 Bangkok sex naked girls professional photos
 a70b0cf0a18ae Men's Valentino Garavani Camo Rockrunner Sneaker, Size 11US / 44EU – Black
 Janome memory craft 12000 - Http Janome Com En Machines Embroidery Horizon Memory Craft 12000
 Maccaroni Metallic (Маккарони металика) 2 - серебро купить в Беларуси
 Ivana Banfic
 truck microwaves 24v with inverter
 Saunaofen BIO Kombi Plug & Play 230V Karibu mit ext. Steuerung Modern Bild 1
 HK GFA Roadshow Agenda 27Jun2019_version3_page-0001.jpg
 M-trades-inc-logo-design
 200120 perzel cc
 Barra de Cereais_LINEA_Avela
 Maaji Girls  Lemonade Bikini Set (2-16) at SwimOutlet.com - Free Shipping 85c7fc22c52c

::::

Exactly as it stands, output the whole listing.

*Task output:*
 Bangkok sex naked girls professional photos
 a70b0cf0a18ae Men's Valentino Garavani Camo Rockrunner Sneaker, Size 11US / 44EU – Black
 Janome memory craft 12000 - Http Janome Com En Machines Embroidery Horizon Memory Craft 12000
 Maccaroni Metallic (Маккарони металика) 2 - серебро купить в Беларуси
 Ivana Banfic
 truck microwaves 24v with inverter
 Saunaofen BIO Kombi Plug & Play 230V Karibu mit ext. Steuerung Modern Bild 1
 HK GFA Roadshow Agenda 27Jun2019_version3_page-0001.jpg
 M-trades-inc-logo-design
 200120 perzel cc
 Barra de Cereais_LINEA_Avela
 Maaji Girls  Lemonade Bikini Set (2-16) at SwimOutlet.com - Free Shipping 85c7fc22c52c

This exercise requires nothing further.